These vulnerabilities are amplified because of the closed nature of correctional institutions. They pose unique accountability challenges, particularly in relation to public transparency of operations. As a result, the government must ensure that the independent oversight of correctional facilities and services is adequate and effective. While the ACT is still a relatively new and small jurisdiction with regard to managing prisons, our detainee cohort has changed dramatically in just over a decade: detainee numbers have increased, detainee complexities have increased and detainee needs have increased.
The ACT has one of the most comprehensive oversight regimes of correctional centres in Australia. The work of the Human Rights Commission—including the Human Rights Commissioner, the Discrimination Commissioner, the Children and Young People Commissioner, the Public Advocate, the Disability and Community Services Commissioner and the Health Services Commissioner—the Ombudsman, the Auditor-General, official visitors and the adjudicator under the Corrections Management Act is invaluable to ensuring that the quality of decision making and complaint handling by ACT corrective services is adequate, sensitive to individual detainee needs and in accordance with human rights. However, as identified in the Moss review, the importance of a systematic preventive oversight mechanism cannot be overstated.

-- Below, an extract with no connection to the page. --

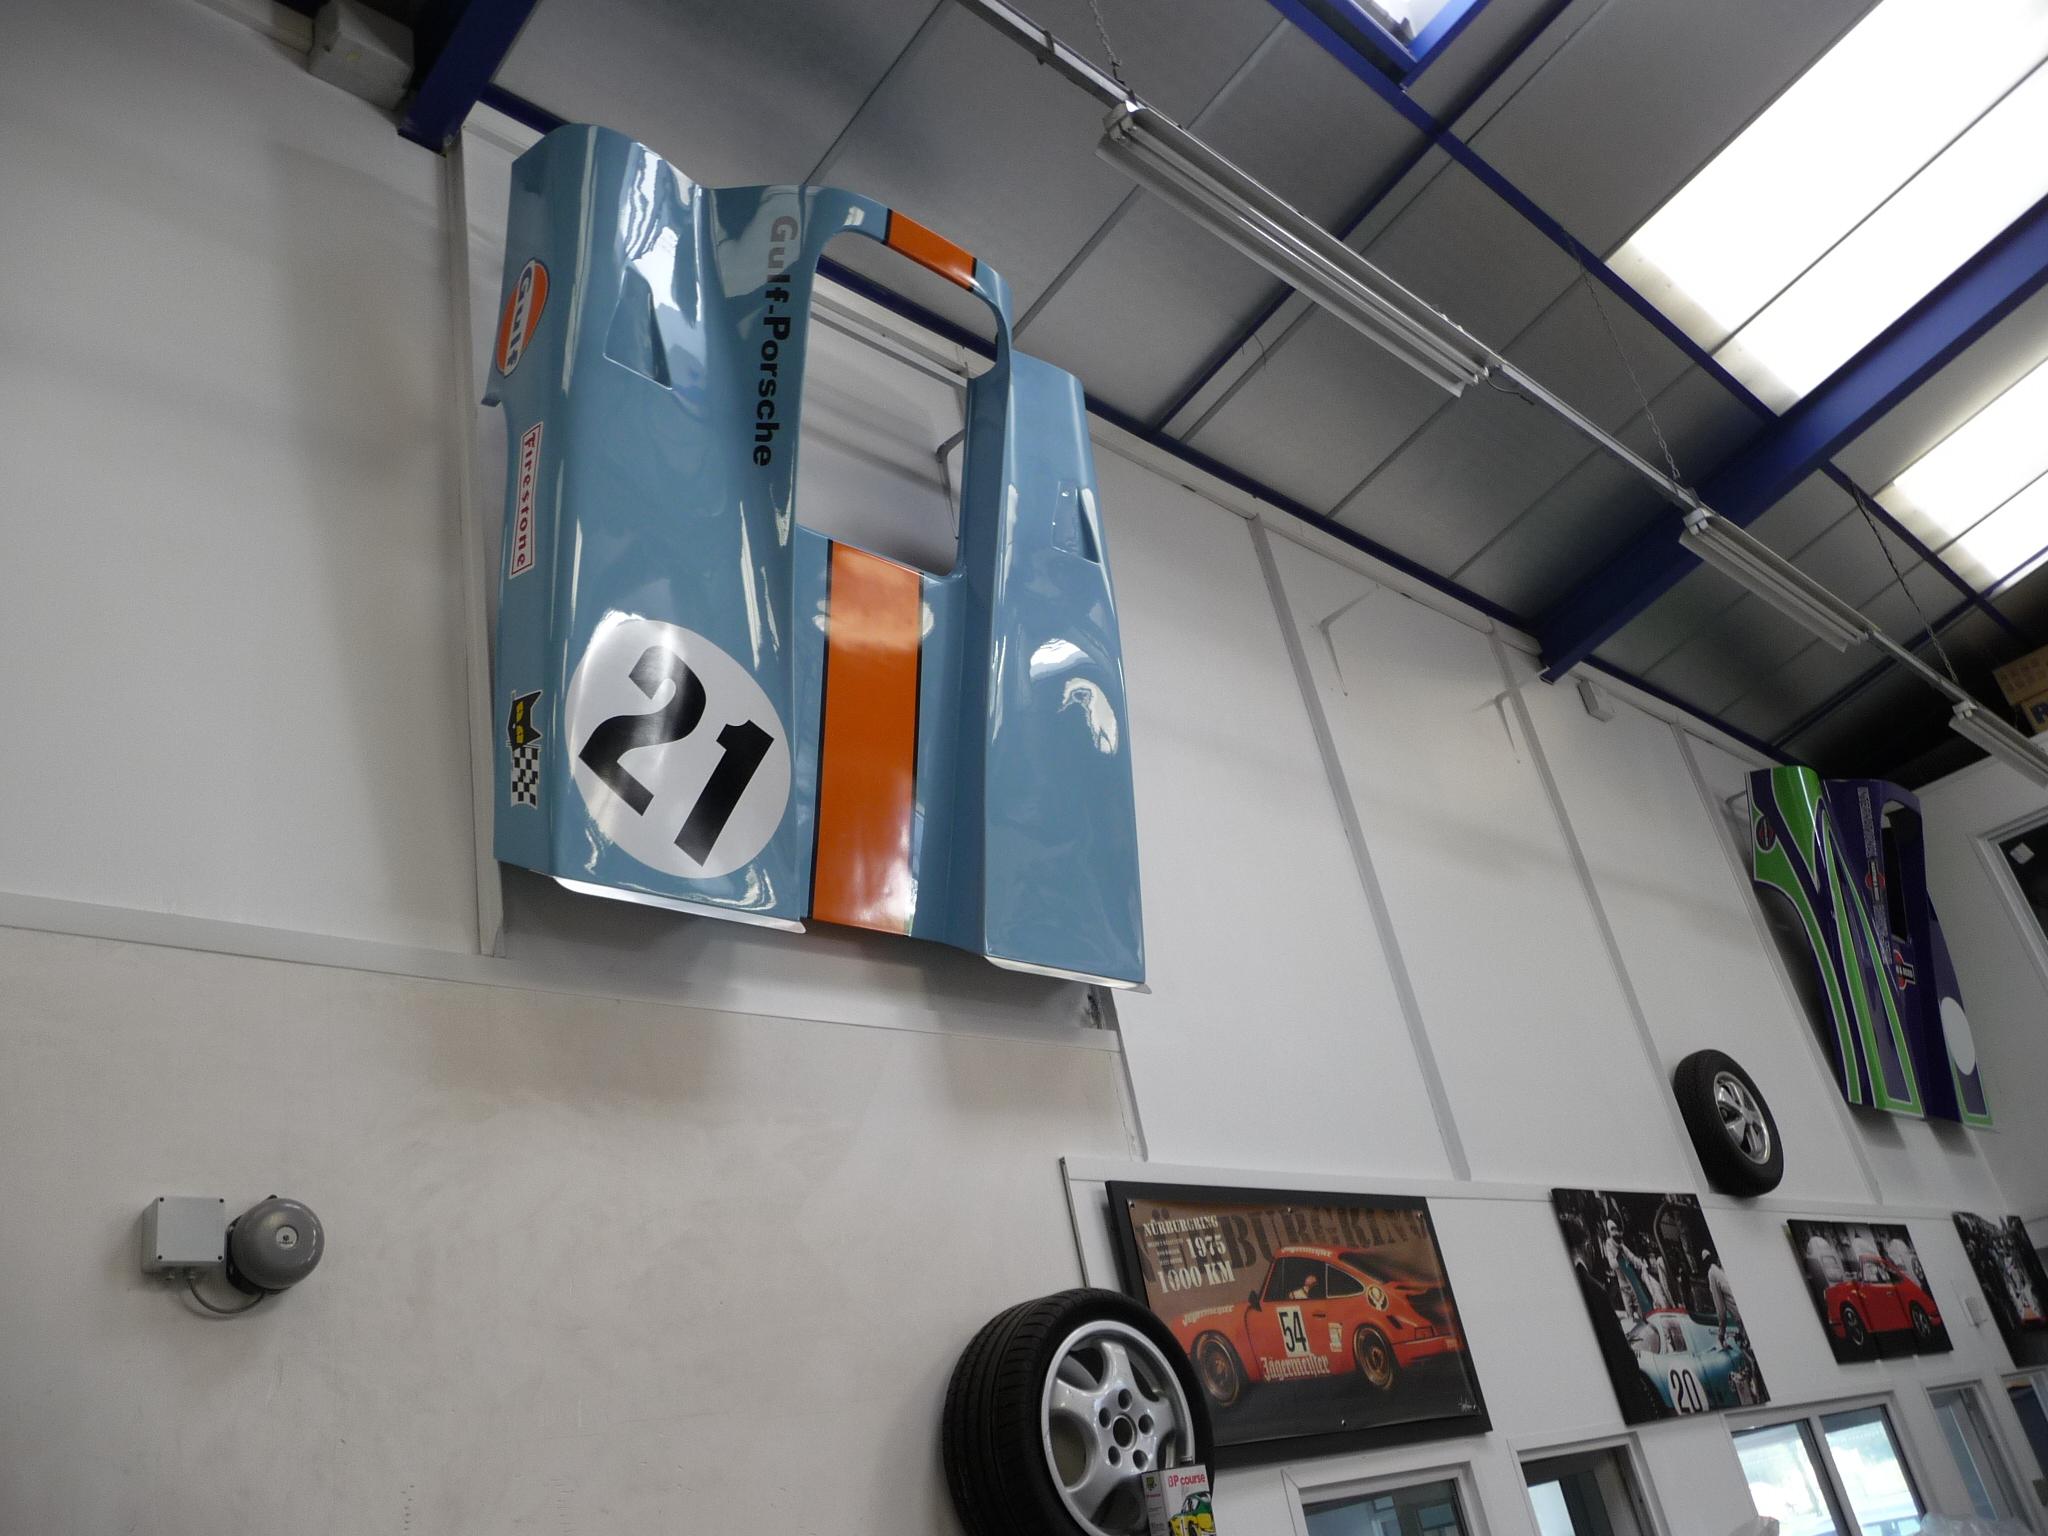 D coration garage porsche for Decoration maison voiture

In order to protect against harm occurring a proactive inspection regime is required. Such a role acts as a more effective prevention measure than simply responding to allegations of harm once they have occurred. The establishment of an inspector of correctional services through this bill aims to meet this need. The role of the inspector of correctional services has been developed following stakeholder feedback and consideration of existing models in Western Australia, New South Wales and Tasmania.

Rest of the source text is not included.